Your child studies. They try. They spend twice as long on homework as their peers. But the grades, the test scores, and the teacher feedback don't reflect the effort.

This gap between ability and production is the hallmark of a specific learning disability — and it's invisible to everyone who isn't looking for it. A child with dyslexia who has strong verbal skills can compensate for years before the cracks show.

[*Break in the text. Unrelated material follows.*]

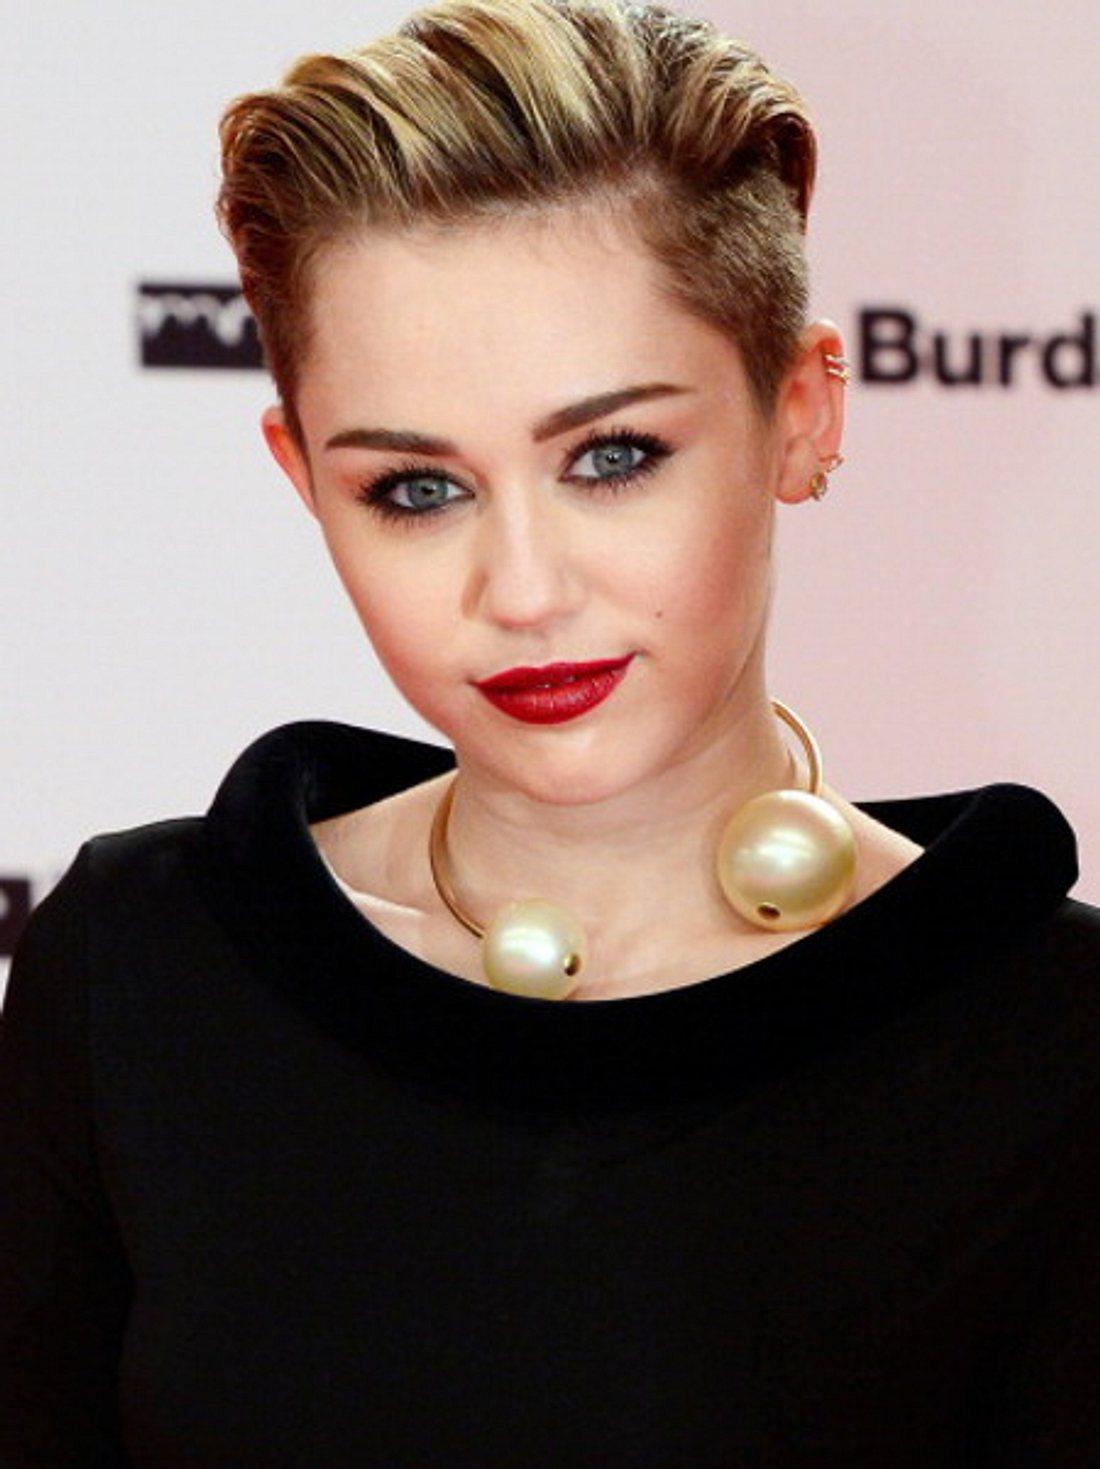 Miley Cyrus: Mega-Zoff mit Jennifer Lawrence?

A bright child with dyscalculia might memorize math facts through sheer repetition while completely missing the underlying concepts.

A learning disability evaluation identifies the specific processing breakdown that's creating the gap — and gives you the information you need to get your child the right support.

What We Test For

Dyslexia — difficulty with reading that stems from differences in phonological processing, decoding, fluency, or comprehension. We assess not just whether your child struggles with reading, but exactly where in the reading process the breakdown occurs.

Dysgraphia — difficulty with written expression, which can show up as illegible handwriting, extremely slow writing, poor spelling, or a dramatic gap between what a child can say and what they can put on paper.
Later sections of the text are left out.